Light intensity plays a crucial role in liquid-phase semiconductor-based heterogeneous photocatalysis. It impacts reactant chemi- or physi- sorption at the semiconductor surface and subsequent photocatalytic reaction rates. Despite its recognized importance, the relationship between light intensity and adsorption remains controversial, necessitating further theoretical and dedicated experimental strategies to clarify the underlying mechanisms at work. To address this, we designed two laser-based experimental setups, respectively operating at high and very high intensities, to investigate the growth of a single metallic nanodot (silver, gold, and palladium) photodeposition at the surface of bare TiO2 anatase nanoparticles at varying intensities, as a special case of liquid phase semiconductor heterogeneous photocatalytic reaction.
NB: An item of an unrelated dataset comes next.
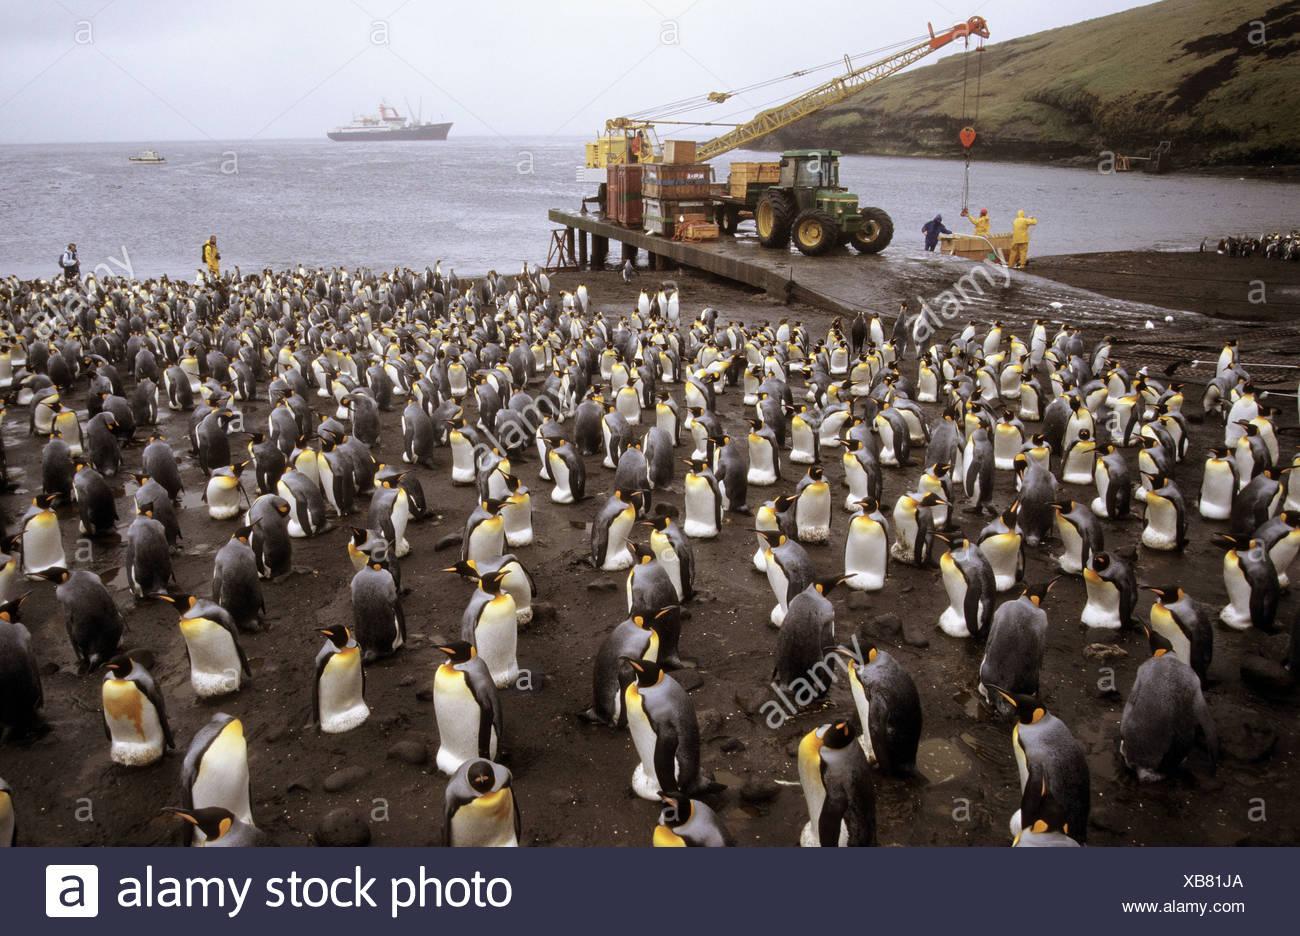 King penguin colony on the wharf of Possession Island (Aptenodytes patagonica), Crozet islands, sub-antarctic - Stock Image

We then developed three distinct models, the first establishing the theoretical background of the so-called intensity-dependent Disrupted-Langmuir Adsorption (classically associated with chemisorption), the second setting a new Eley-Rideal-like Adsorption mechanism (physically-assisted adsorption), and the third considering a hybrid of both. When confronted with experimental results, the Eley-Rideal-like mechanism was the only one to successfully account for all the observed behaviors, enabling a universal rescaling of data onto single master behaviors regardless of exposure time, reactant concentration, and light intensity. High-intensity-dependent experiments thus provide quantitative understandings to distinguish the underlying adsorption mechanism. Finally, considering the general frame of the present modeling, it is broadly applicable to other redox reactions on photo-excited semiconductor surfaces. As such, it also predicts how reaction rates, at constant light exposure, should evolve with reactant concentrations and shows how playing with concentration can also discriminate between adsorption mechanisms.